══ SOURCE MATERIAL ══

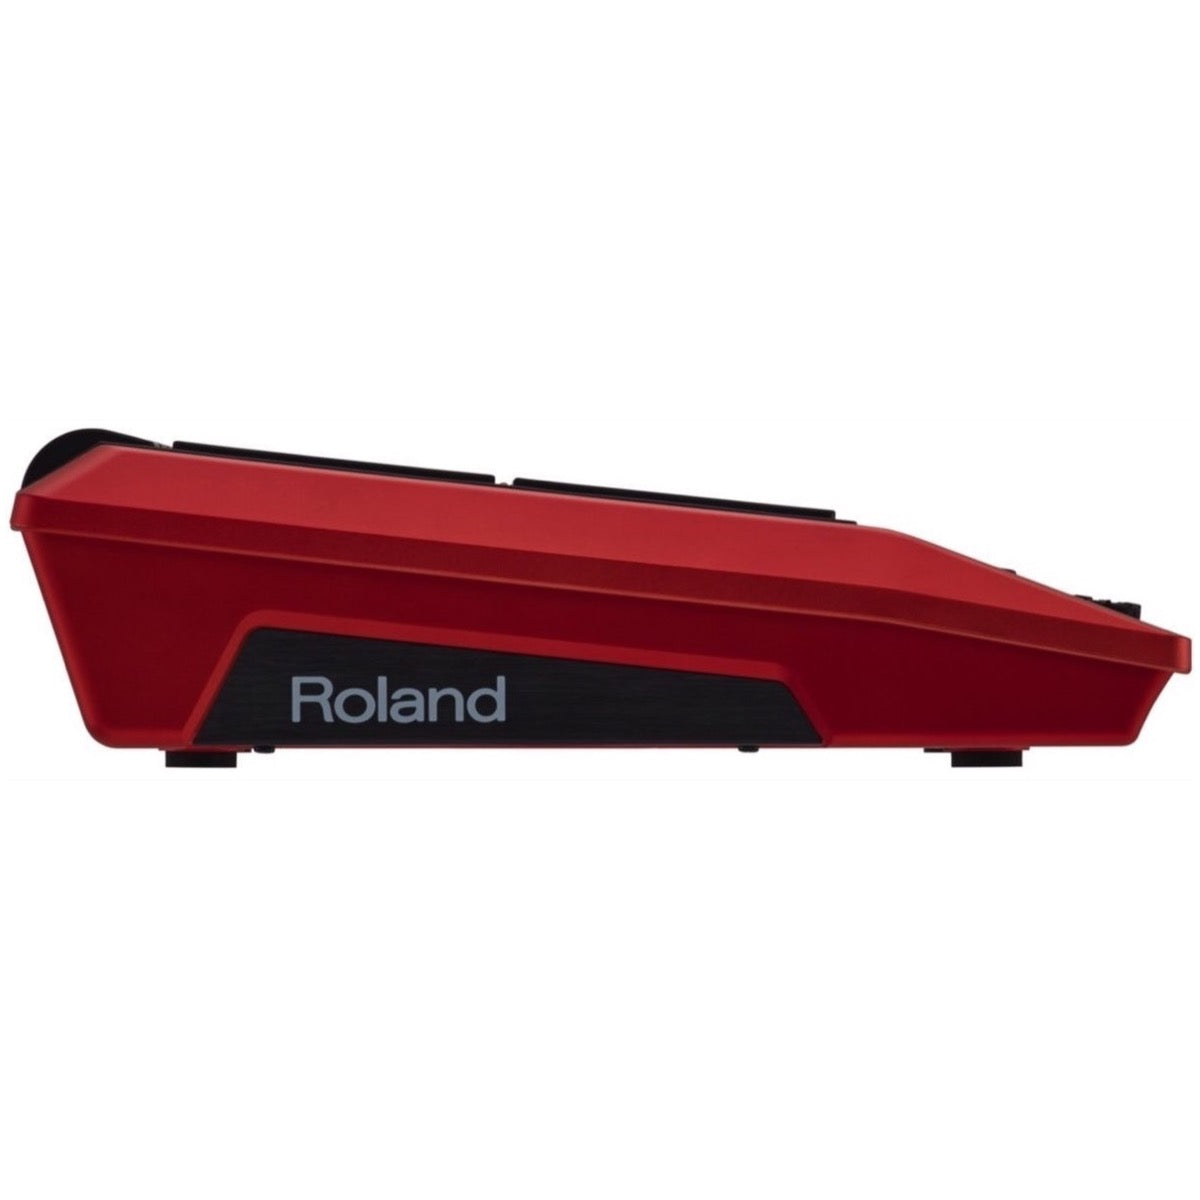 Roland SPD-SX Special Edition Red Sampling Drum Pad
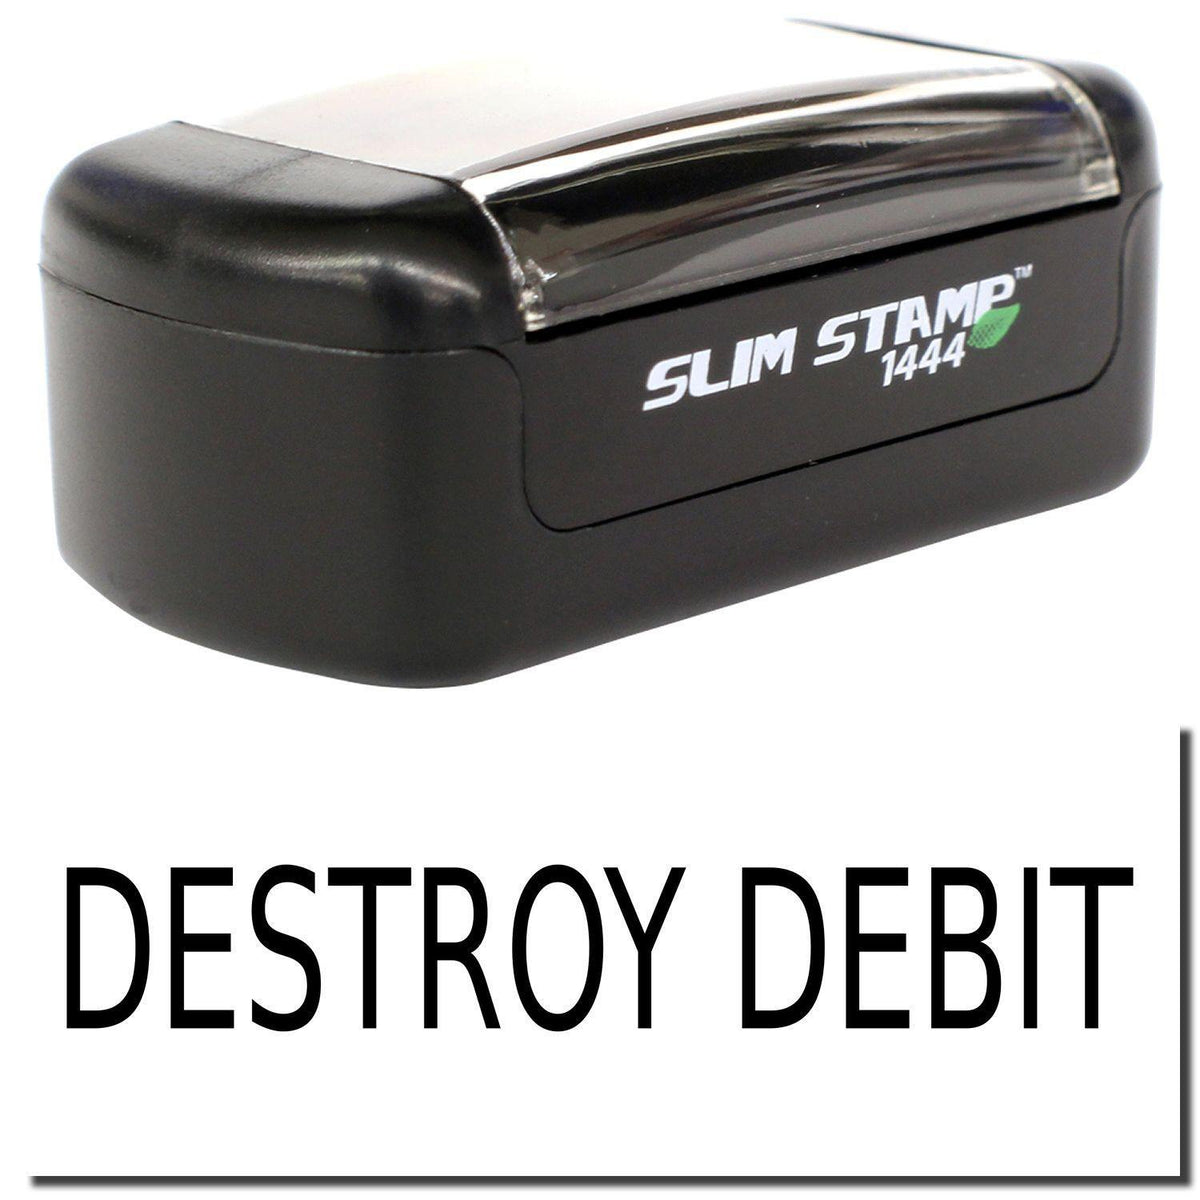 A stock office pre-inked stamp with a stamped image showing how the text &quot;DESTROY DEBIT&quot; is displayed after stamping.
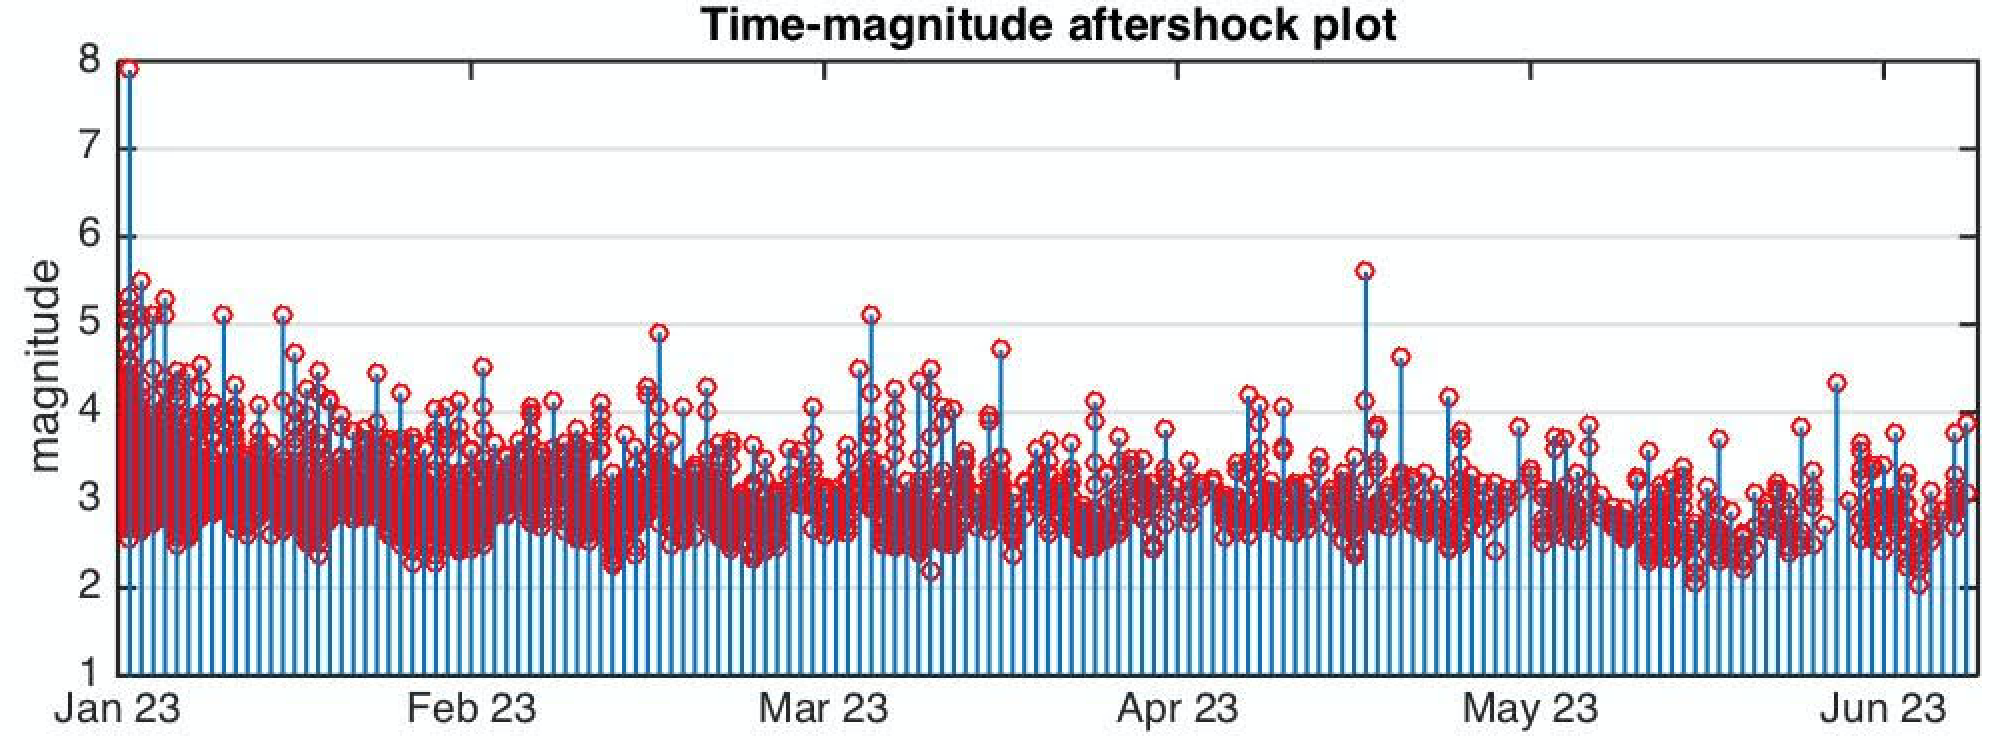 Larger aftershocks have become less frequent, but a significant aftershock is still possible.

═══

WHAT YOU ARE ASKED TO DO:
Pictures are to be left out; repeat all the remaining data exactly.

EXERCISE RESULT:
 Roland SPD-SX Special Edition Red Sampling Drum Pad
 A stock office pre-inked stamp with a stamped image showing how the text &quot;DESTROY DEBIT&quot; is displayed after stamping.
 Larger aftershocks have become less frequent, but a significant aftershock is still possible.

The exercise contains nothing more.